WORK TO COMPLETE: Copy exactly, and only, the lines from the one with "Read Online Pedigree" to the end of the listing; omit pictures.

RECORDED INFORMATION:
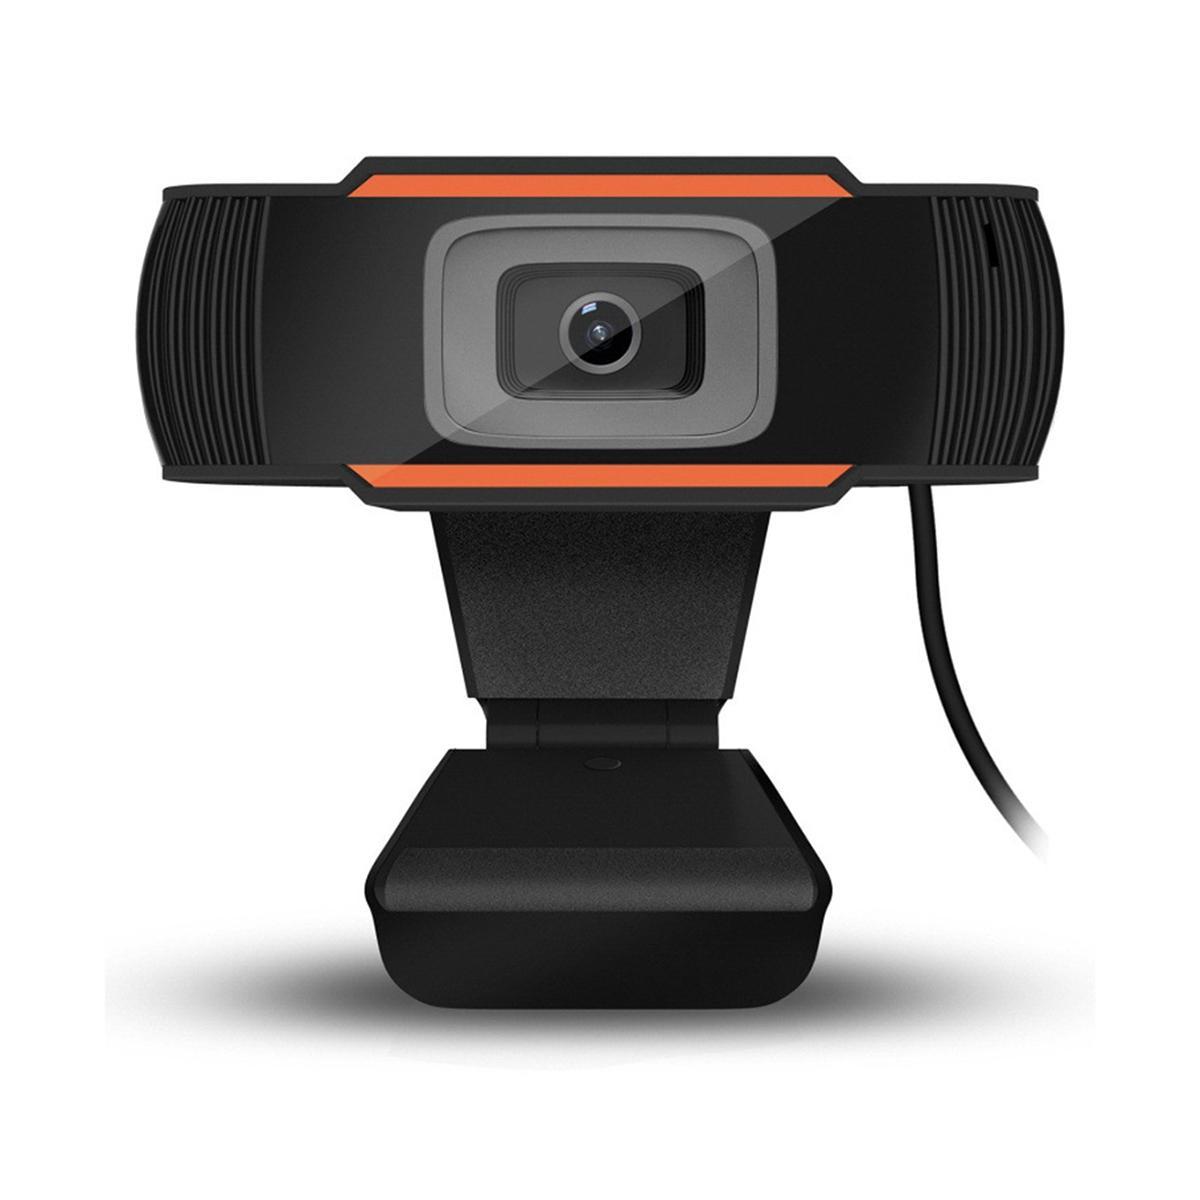 Webcam 1080P HD Web Camera USB Webcam PC Camera Plug Play Camera Autofocus with Microphone for Computers Laptop Webcam 4k web ca 5pcs ZY-SX
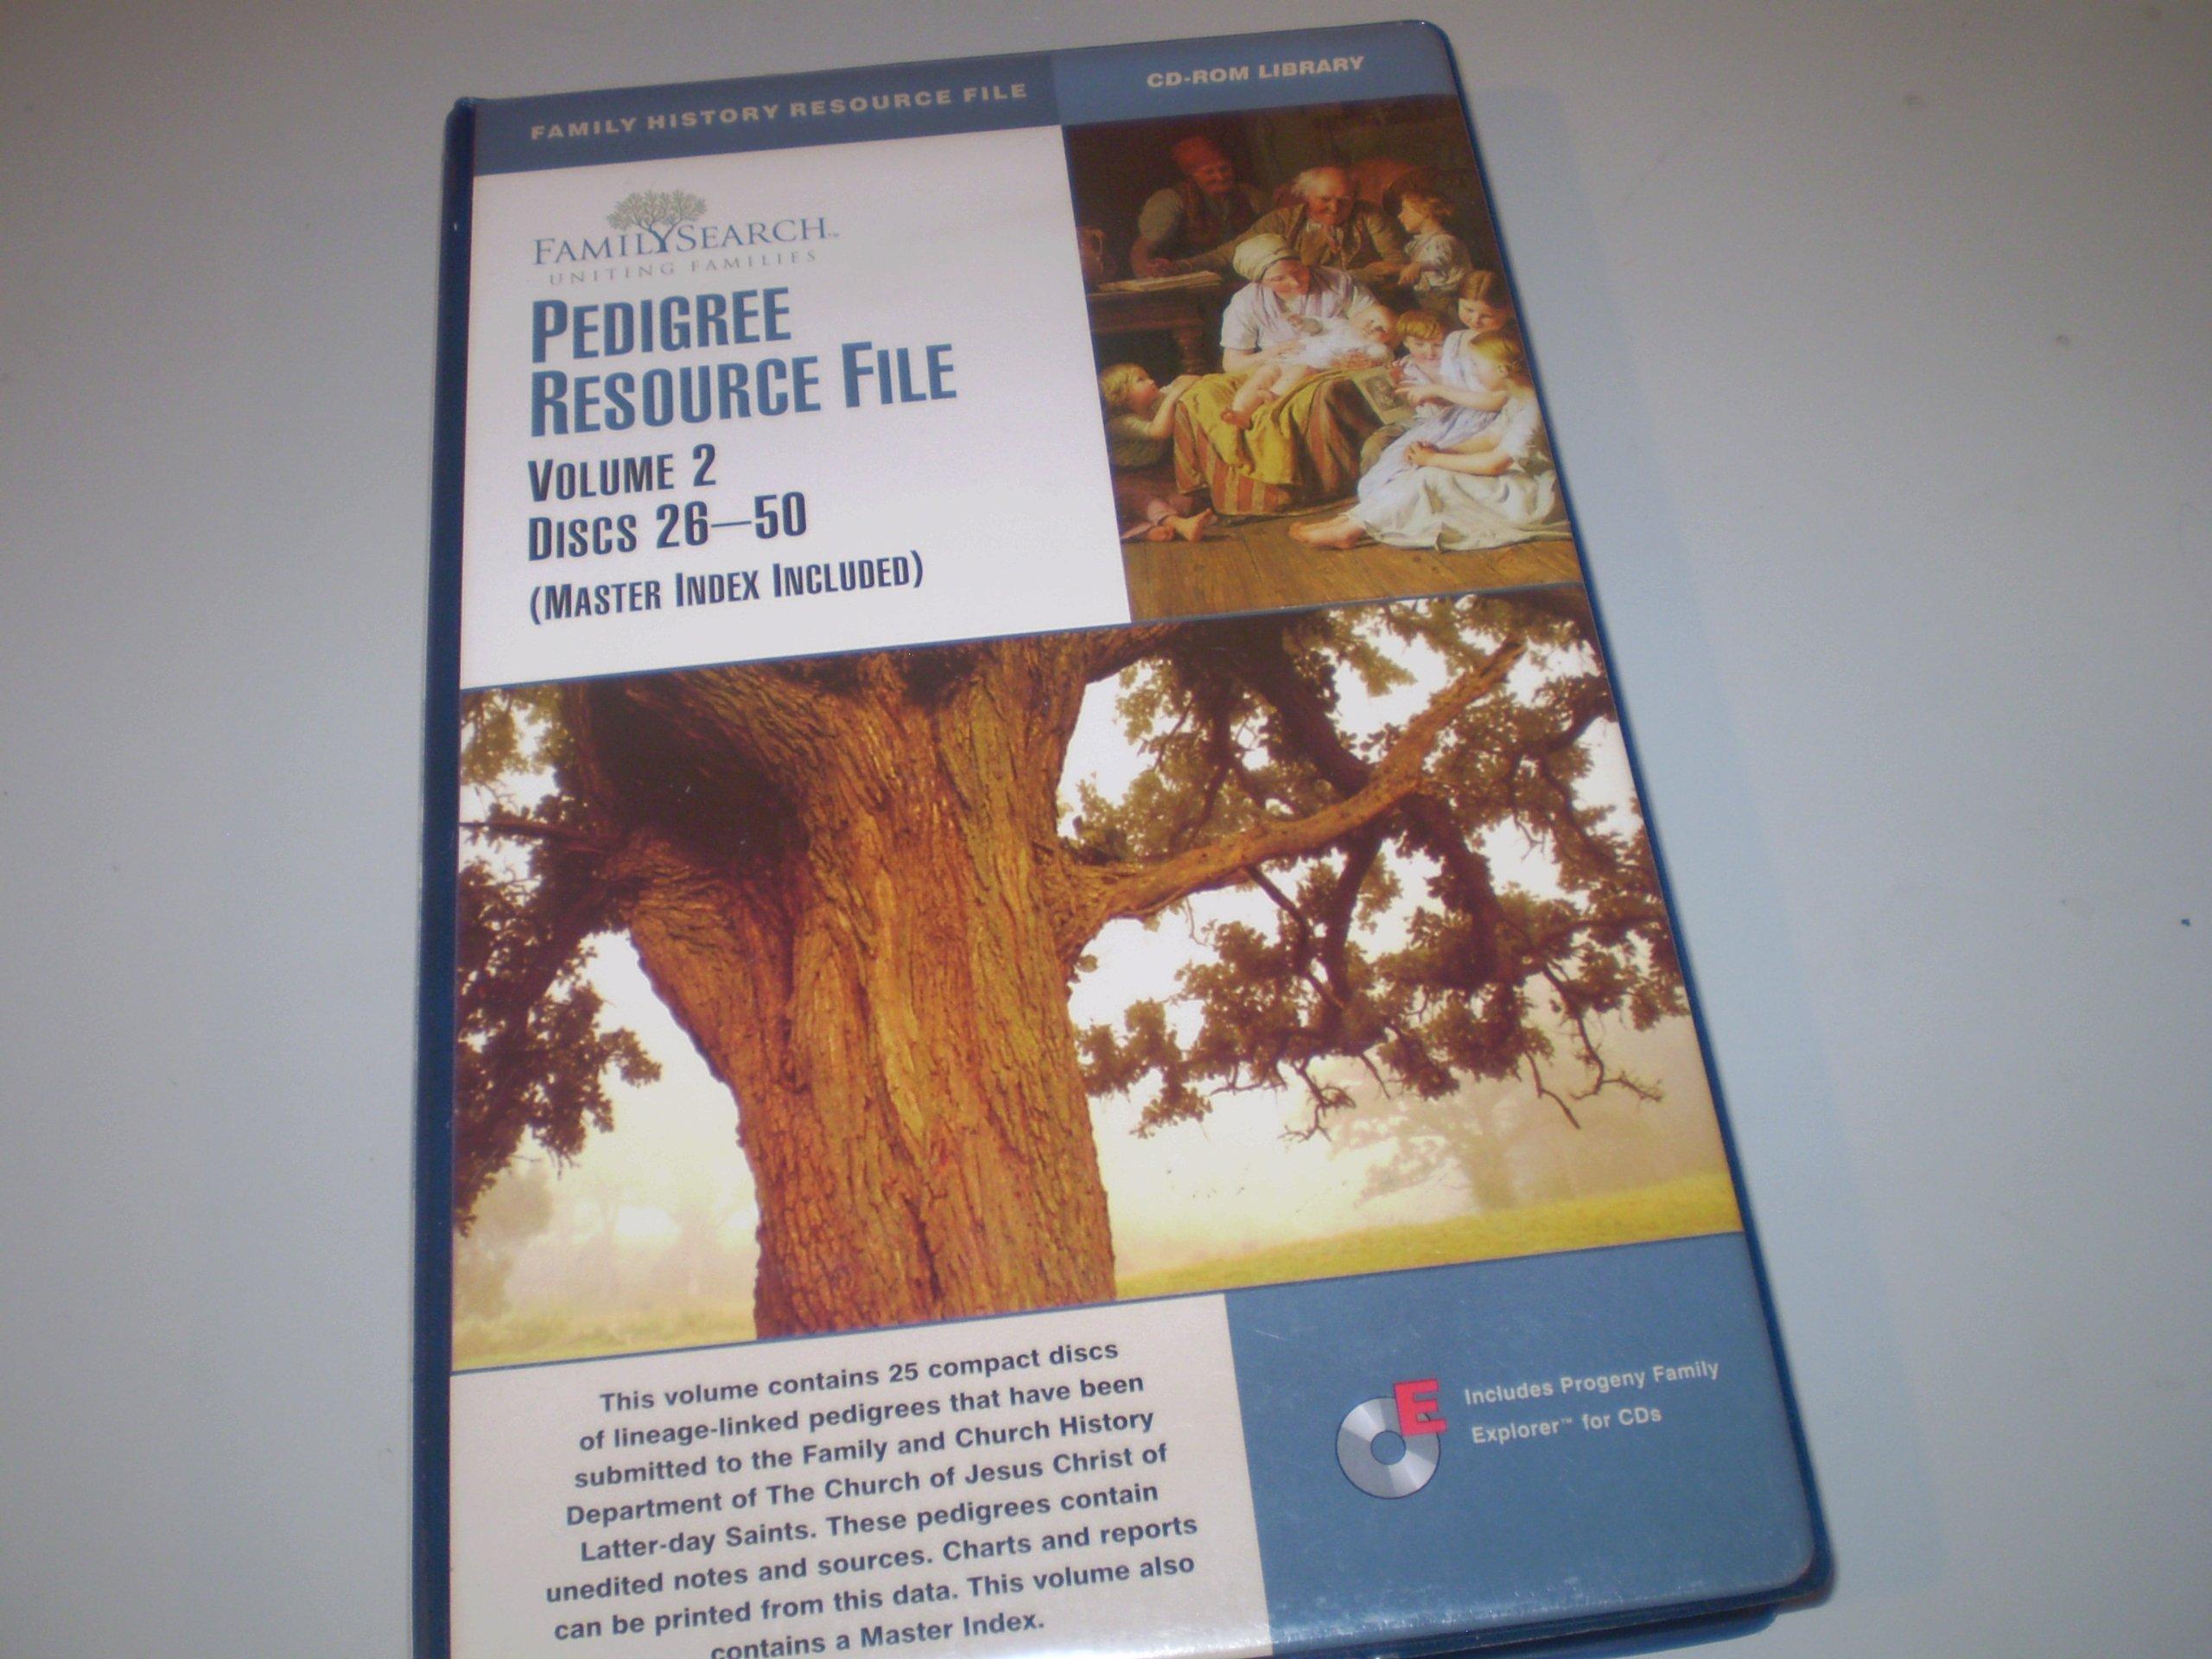 Read Online Pedigree Resource File ((Master Index Included), Volume 2 / Discs 26-50) pdf
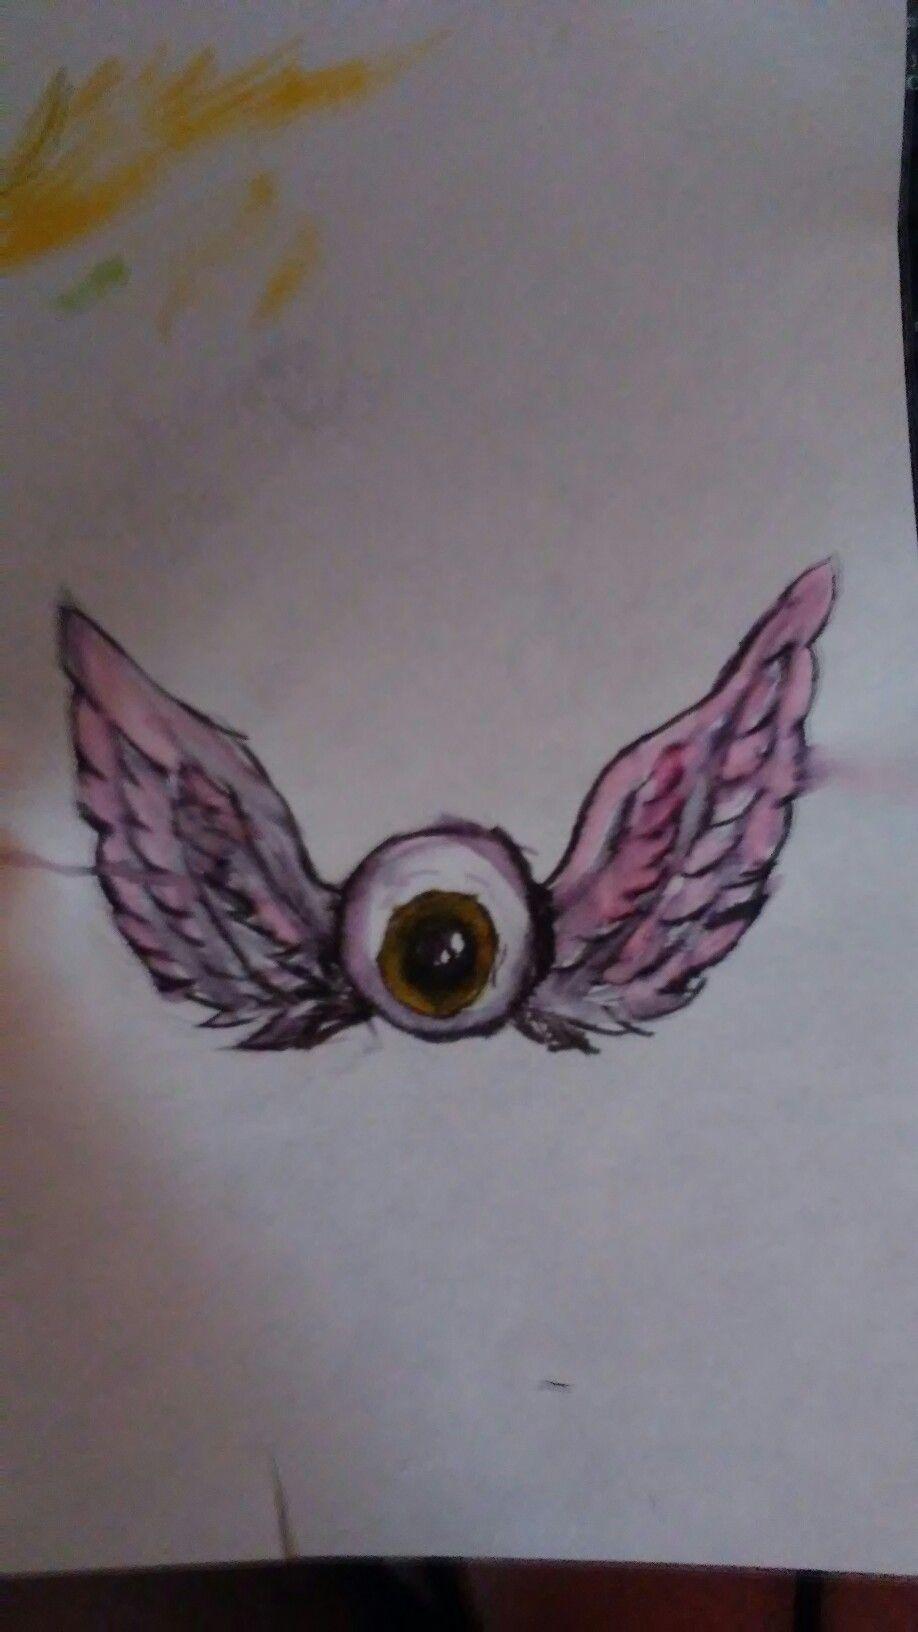 Eyeball With Wings Tattoo : eyeball, wings, tattoo, Eyeball, Animal, Tattoo,, Tattoo, Inspiration,, Wings

ANSWER TO THE EXERCISE:
 Read Online Pedigree Resource File ((Master Index Included), Volume 2 / Discs 26-50) pdf
 Eyeball With Wings Tattoo : eyeball, wings, tattoo, Eyeball, Animal, Tattoo,, Tattoo, Inspiration,, Wings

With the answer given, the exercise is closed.